Thursday, 8 September 2016

Brave Bootle man awarded #VC commemorated-- with added photos

photo by Keiran Hodgson

We gathered in the rain at the newly refurbished Bootle War Memorial to rededicate it and to unveil a separate memorial to a brave Bootle man who won the VC in WW1

Arthur Herbert Proctor was born in Bootle in 1890. He was the first man to be decorated with the VC on the battlefield. Private Proctor was given his medal for outstanding bravery. The citation reads:

photo by Keiran Hodgson

photo by Keiran Hodgson
I was pleased to meet members of his family including his granddaughter who spoke movingly at the ceremony. She had travelled from Yorkshire to attend the unveiling and spent this week in Southport on holiday. Arthur Proctor lived a full life. He died in 1973. After WW1 he took holy orders and served in various parishes including at Prescot and Cheshire and Shropshire. In retirement he settled in Sheffield and his ashes were buried in the Cathedral.

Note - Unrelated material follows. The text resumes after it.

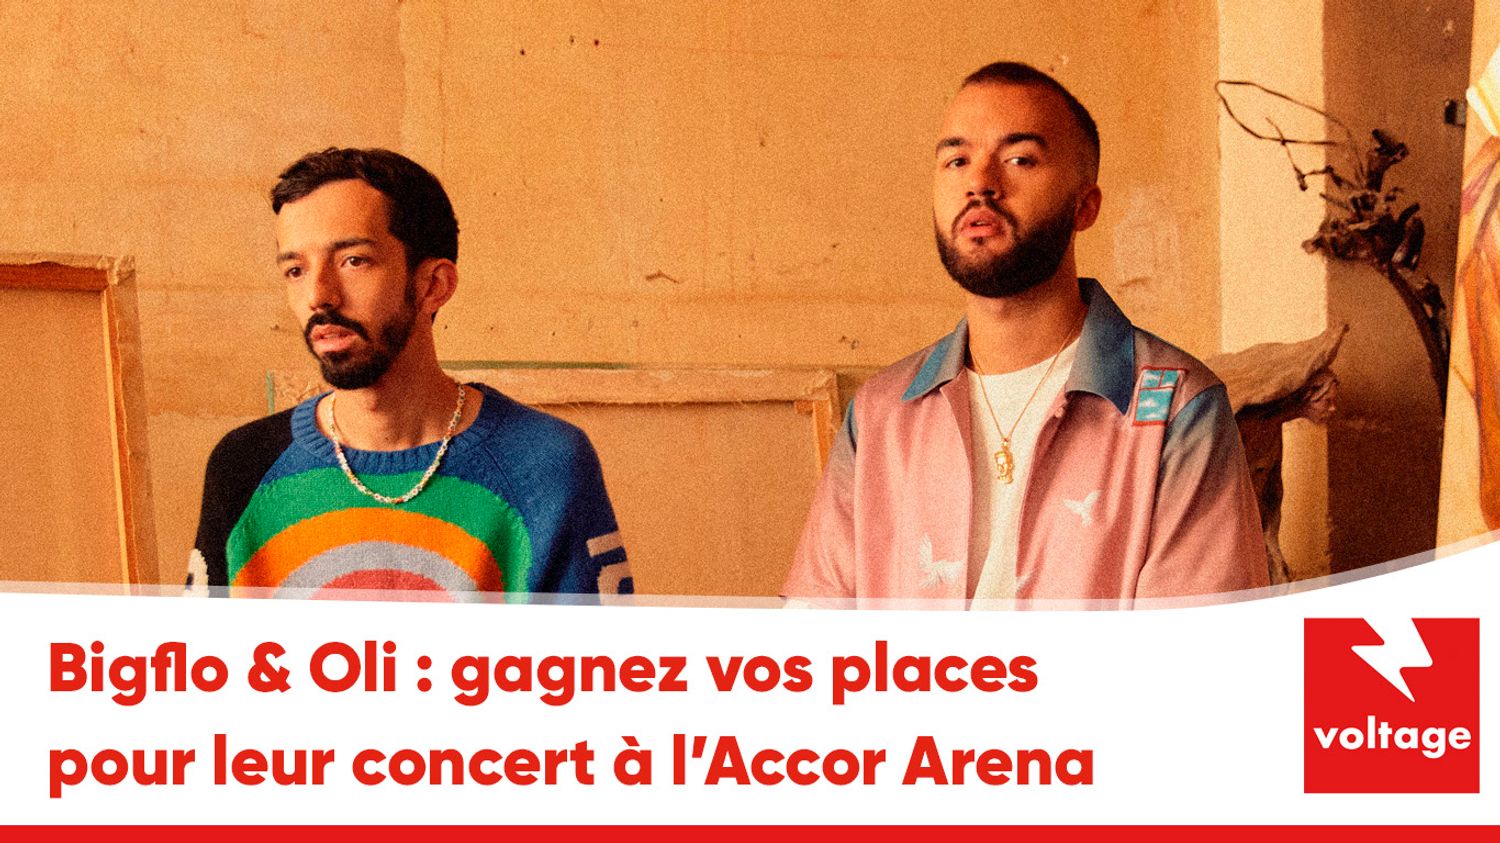 Bigflo & Oli - Accor Arena

The family had a fund of stories about him. Three stories stood out. Two generations told of his love of getting them around the piano to sing the chorus; I'm H.A.P.P.Y.

In WW2 he served as a chaplain to the RAF, three of his relations told me the same story. He was travelling by train in his clerical uniform when he struck up a conversation with a young women in his carriage, He asked what she did. She replied that she was a singer. Keen to help the young women he said he would do what he could to get her a concert at his camp. They exchanged contact details she giving him the address of her agent. On leaving the train he was met by his wife who had to explain to him that the singer he was travelling with was Vera Lynn.

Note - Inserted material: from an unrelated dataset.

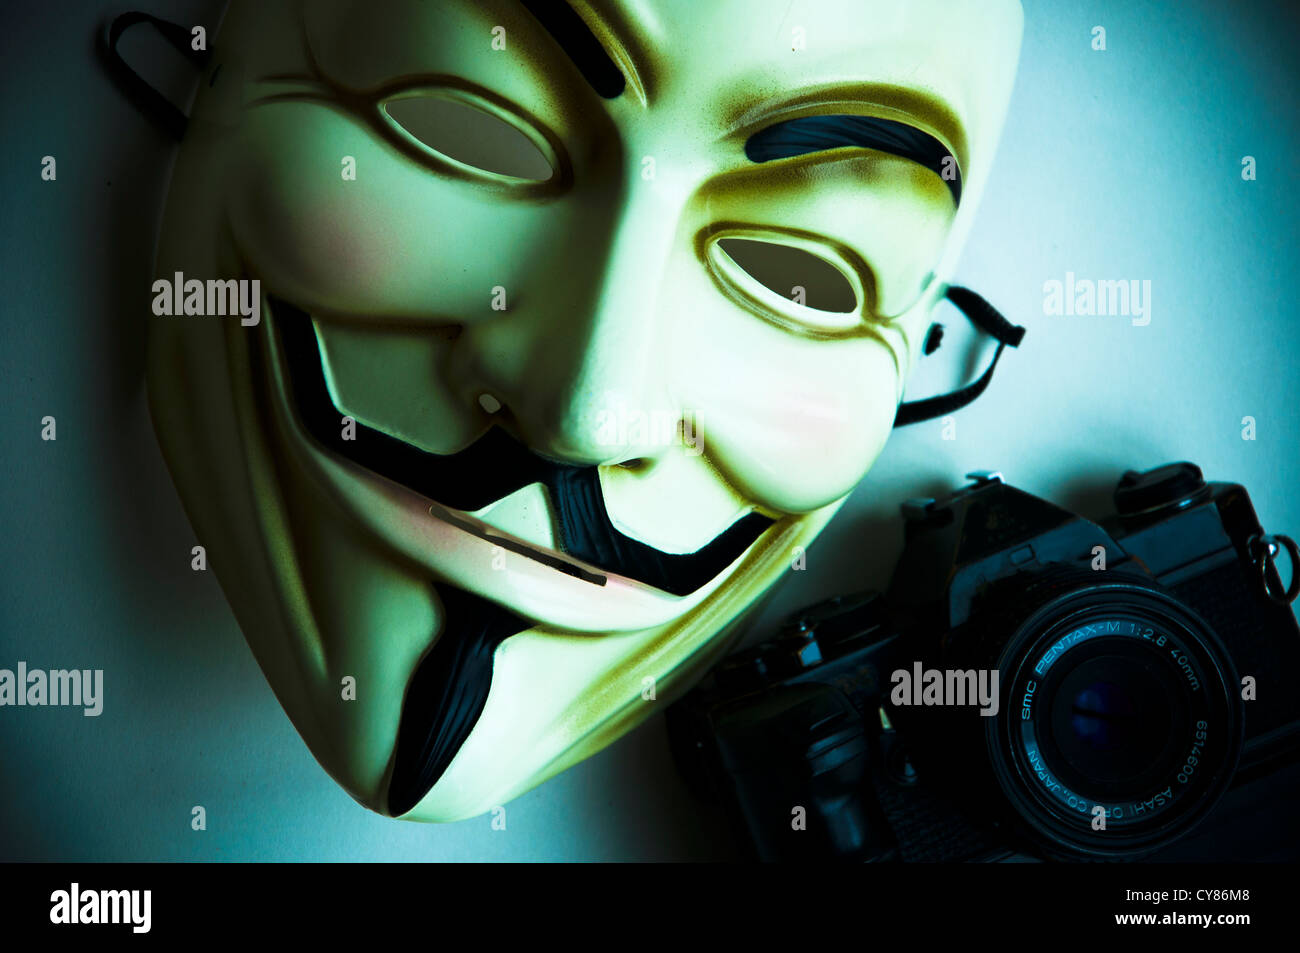 Vendetta masque Guy Fawkes v anonyme avec l'appareil photo Banque D'Images

The third episode they all recalled related to a photograph of him in Africa sometime in the 1960's holding an African shield. We learned during the morning that along with other holders of the VC he was invited to be on board a VC10 on its inaugural flight to East Africa. Against medical advice he took up the offer and that is where he met President Jomo Kenyatta and the photograph was taken. 
photo by Keiran Hodgson
Private Proctor had a heroes welcome when he returned to Bootle. There are newspaper reports of him being carried shoulder high through the streets and of him get a cheque for £600 from the Mayor. I was told that it was unusual for Privates to get the VC. Proctor returned home and went on to live a full life. Others were not so fortunate. Many men returning from the trenches were haunted for the rest of their lives by their experience. Mental Health services and charities expanded of WW1 and 'shell shock' and other effects of the war were treated rather than being seen as examples of a lack of  'moral fibre'. Around the time of the unveiling of the Bootle War Memorial another exceptional Private was being treated in Lord Derby's hospital that served the town. He was Ivor Gurney. Unlike most of the celebrated war poets he was not an officer. Before the was he was seen as one of the brightest musical composer in the UK and was described as the English Schubert because of his highly acclaimed song writing. Listening to the story of Private Proctor I think he would have concurred with Gurney's sentiment in his poem Requiem

Pour out your light, O stars, and do not hold
Your loveliest shining from earth’s outworn shell
Pure and cold your radiance – pure and cold
My dead friends face as well.


Pour out your bounty moon of radiant shining
On all this shattered flesh, on all these quiet forms;
For these were slain, so quiet still reclining
In the noblest cause was ever waged with arms.